Biobased is not necessarily superior, says Eva Gladek

‘We at Metabolic did an analysis of the global economy throughput,’ says Eva, ‘and found that approximately 22% of all materials extracted are from biobased origin, mostly wood, food, fibres etc. However, a large part of the impact of our economy (more than 50-80%, depending on the impact category) is caused by the extraction of these materials. Most of these impacts are associated with the use of large amounts of land, water, displacement of habitats. So although biobased is central to any economy, it is not necessarily the case that any biobased material is better than any non-biobased alternative. Context is extremely important. For example, in a life-cycle assessment of building materials wool is an option for isolation materials, and it’s always given a very poor ranking. That’s because if you are using sheep just for wool, the wool gets allocated all of the impact from e.g. land use, compaction of soil, methane production. But if you are using the sheep for other functions the impact completely flips. Organisations like the municipality of Rotterdam and Barendrecht have used sheep to mow the verge of the road, in collaboration with shepherds. Then the wool is a side-product of other functions and they’re also happening to save on fuel that would otherwise be used for machines. So the context is critical, and that’s the case for most biobased products.’

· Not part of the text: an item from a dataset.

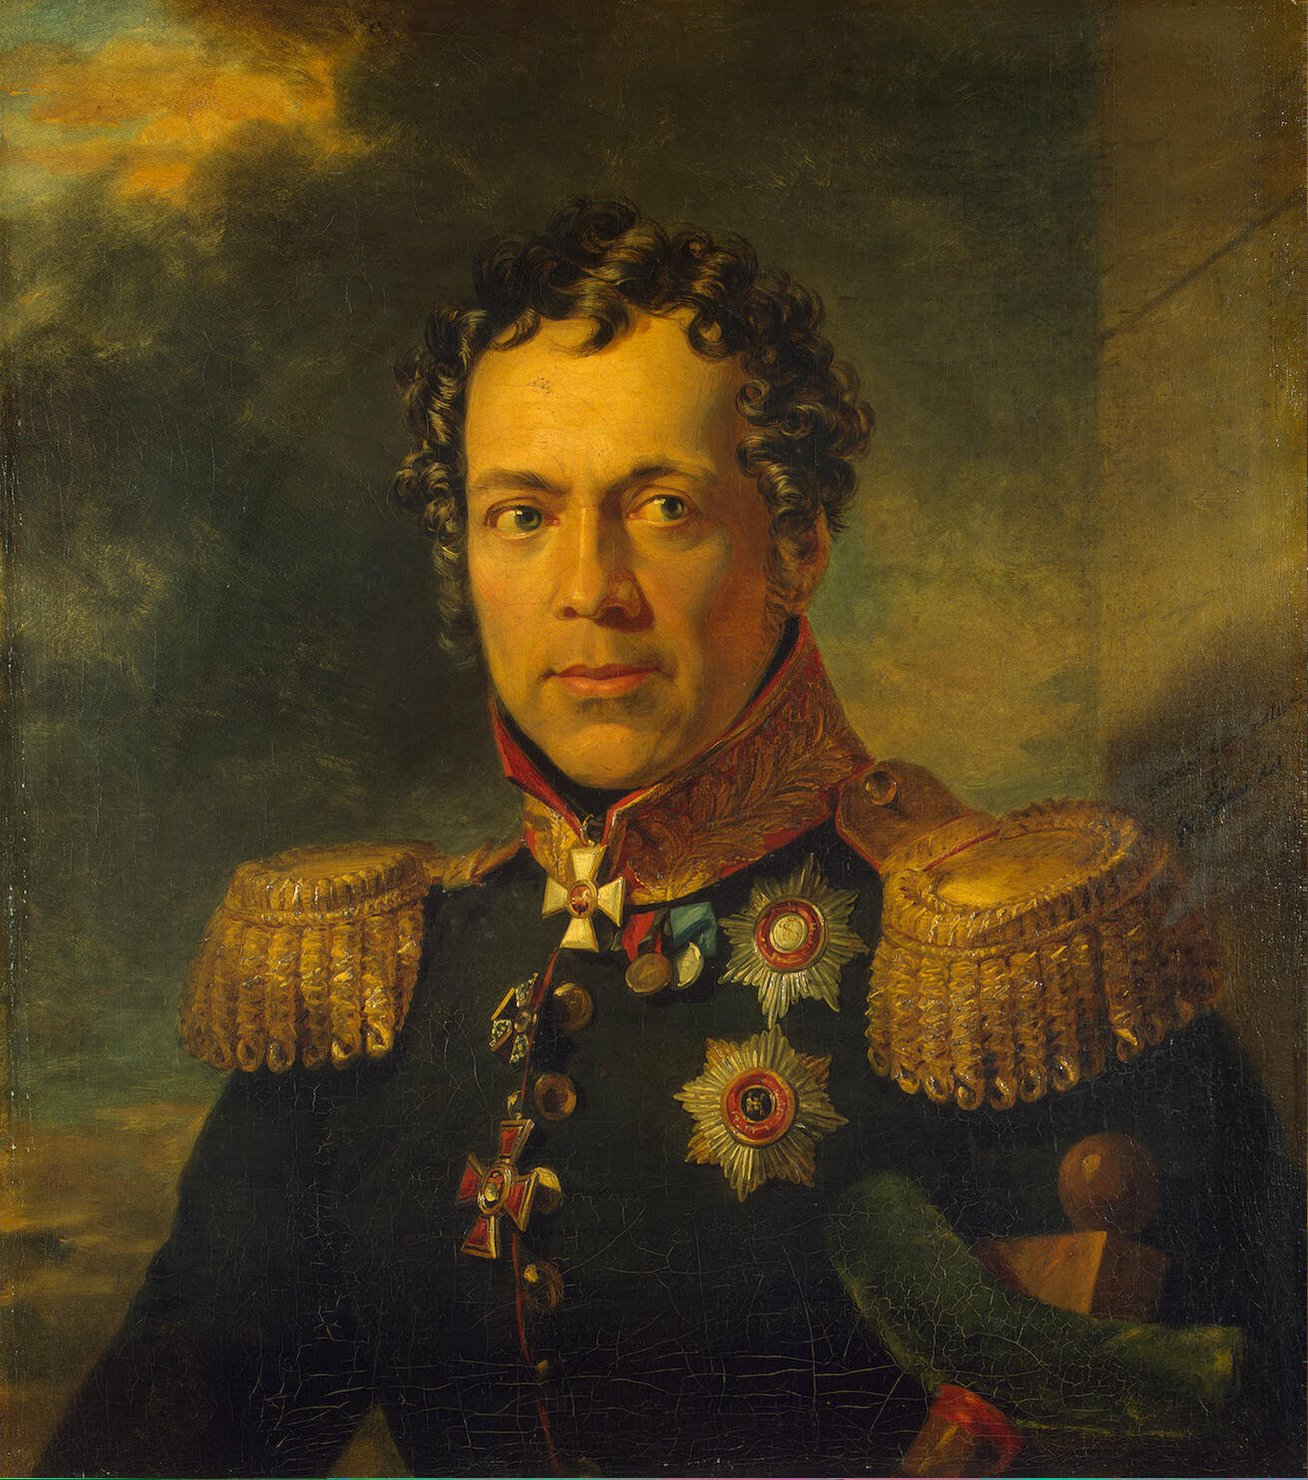 Бахметев, Алексей Николаевич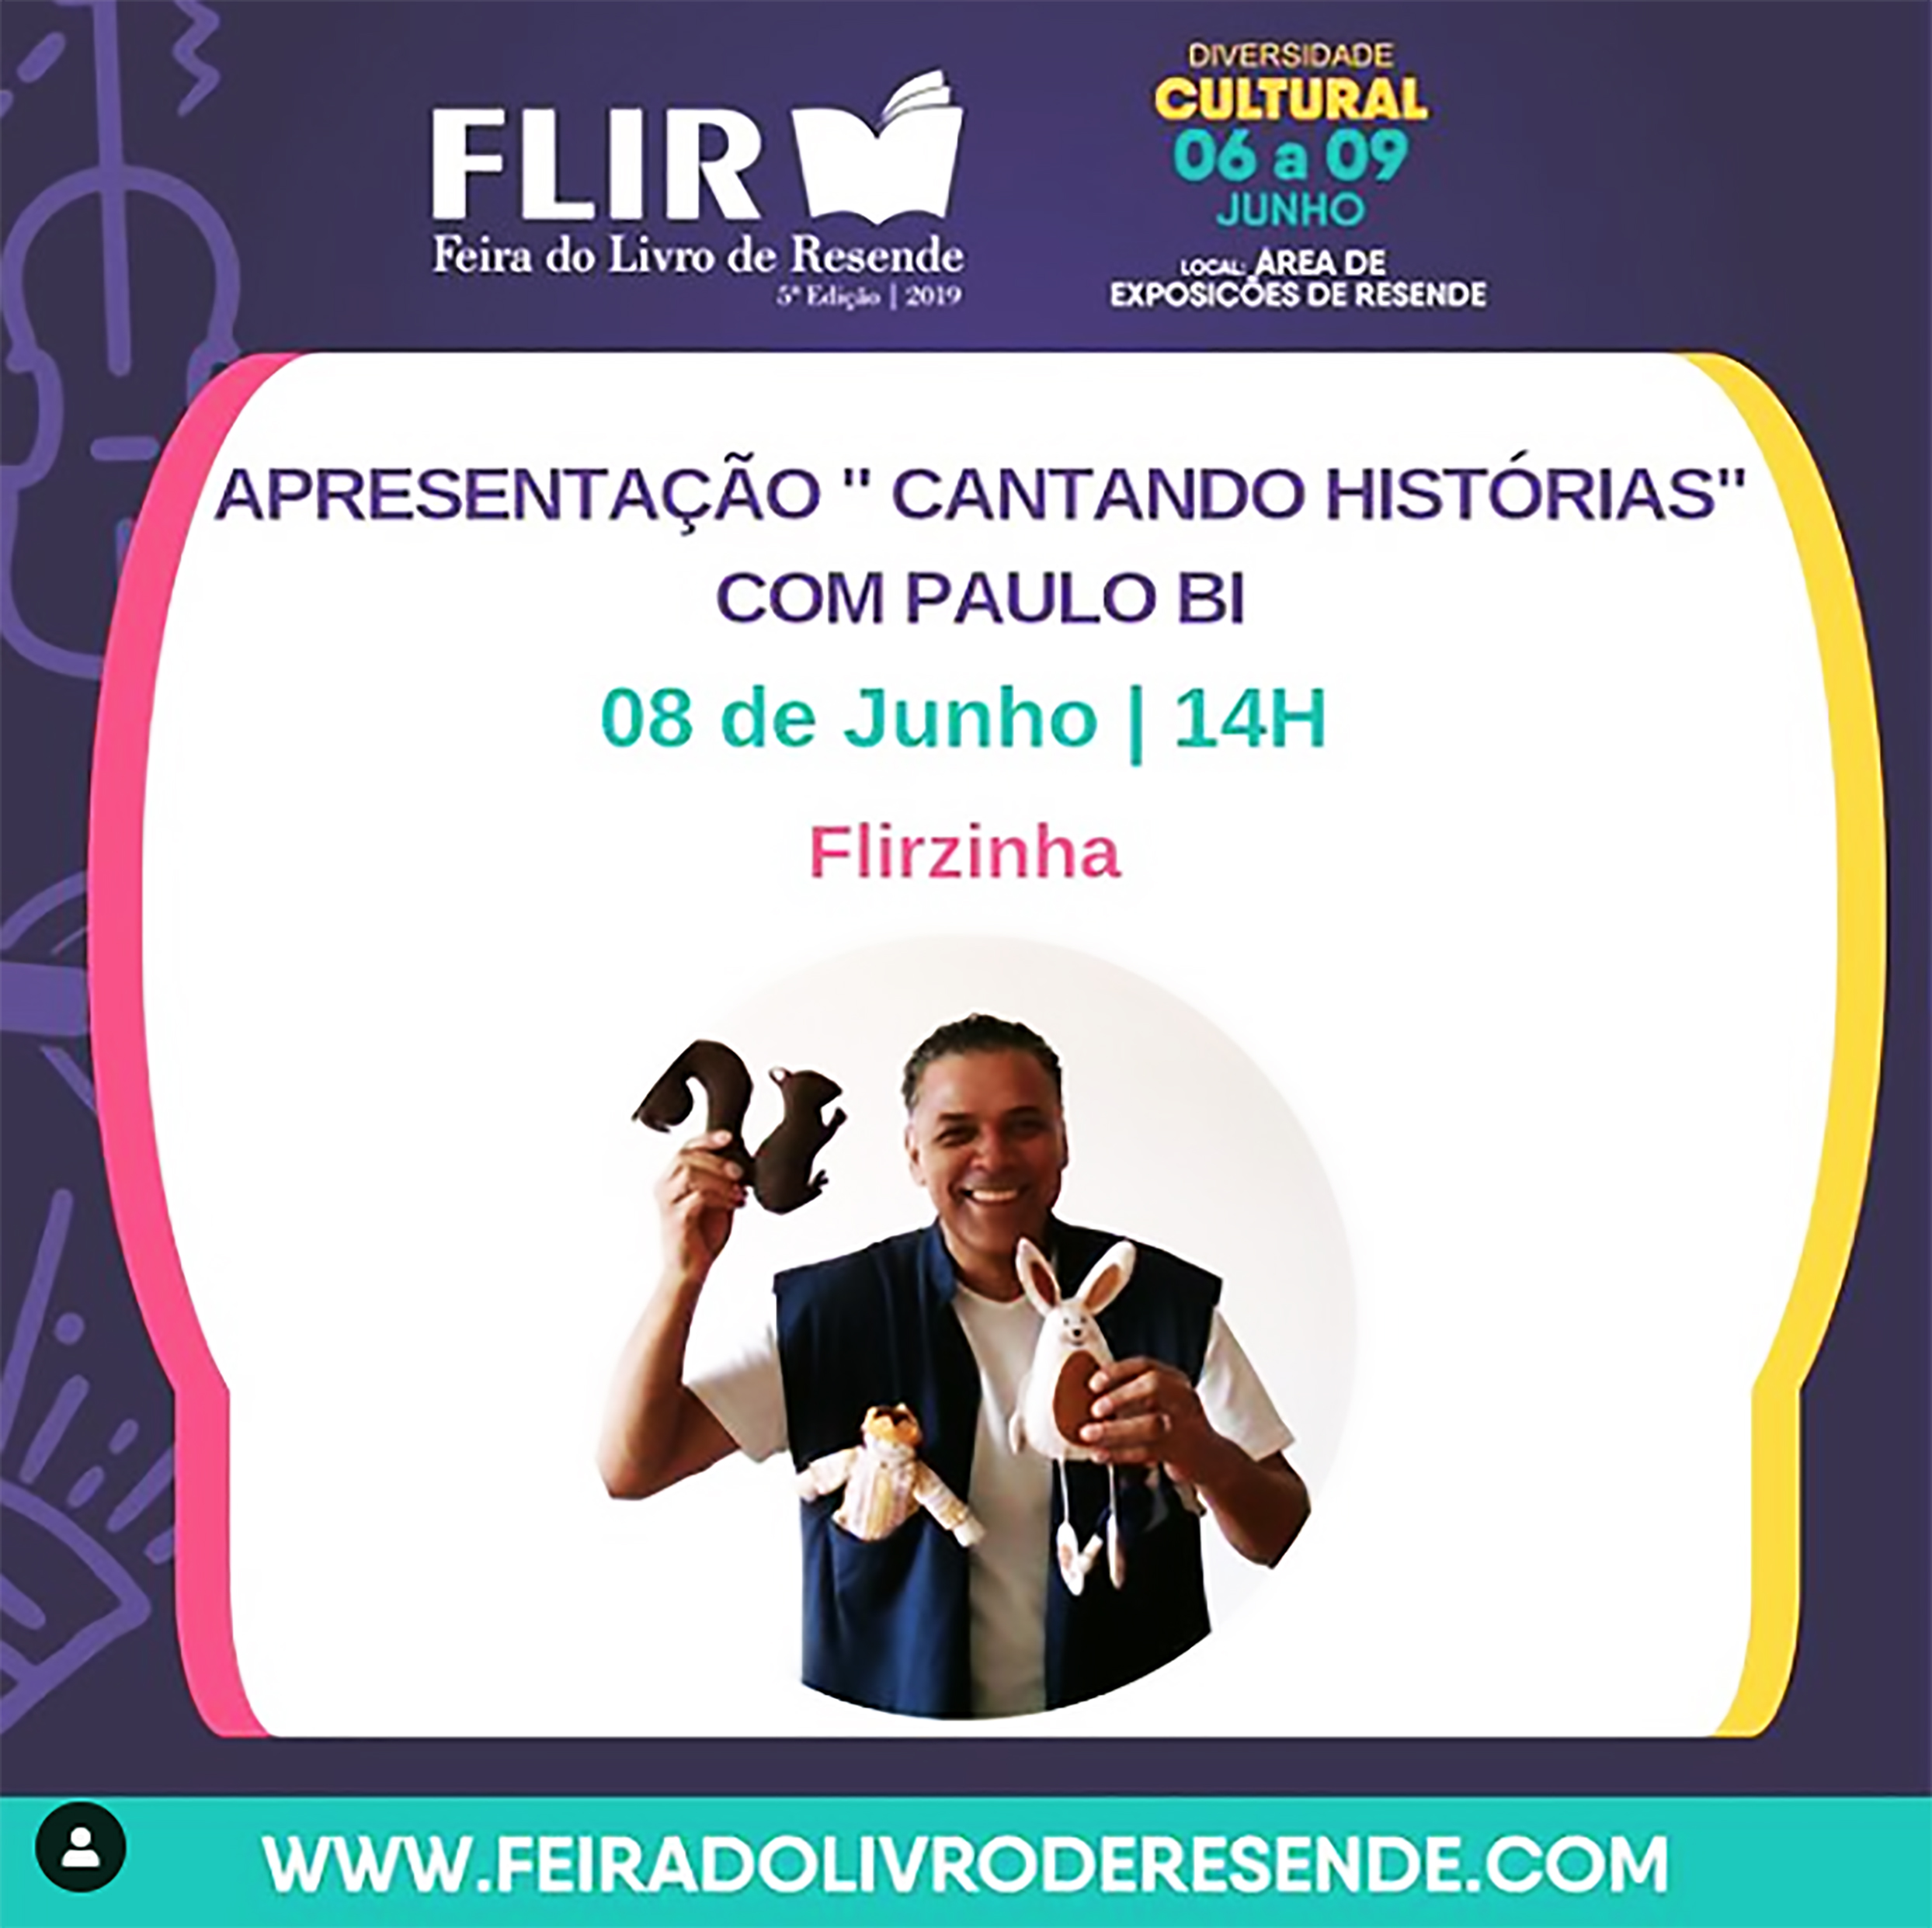 FLIR 2019

Material should be matched to function

Eva Gladek suggests that we should first get the philosophy straight, based on indicators such as circularity factors; matching material to function; and making much more use of waste. ‘We certainly need to move to more biobased materials, we need to move to an economy that is more fundamentally concerned with transforming biological flows from the beginning to the end. But we should do it in a way that considers what the highest value use is of a specific material. That is, we should always try to preserve the highest amount of complexity rather than degrading it to its lowest form.’

‘What’s more, all materials can and should play an important role in a sustainable economy. What’s important is the way in which materials are matched to the functions they are used in. One of the things that we at Metabolic developed was a set of circularity factors. These are a number of criteria that define what kind of function a material should be used on. This for example includes renewability, but also degradability, scarcity, toxicity, and recyclability. There are some functions for which biobased materials or renewable materials are best suited, there are some functions for which durable and long-lasting materials are best suited, and there’s a lot of grey space in between. For example, biobased materials are better if you’re going to disperse something into the environment, so they can actually get there the way they’re supposed to. This pertains to things like paint and coatings and cleaning supplies, these are going to be dispersed into the environment and never retrieved. Materials for these functions should not be non-renewable or scarce, they should be biobased,’ says Eva Gladek of Metabolic.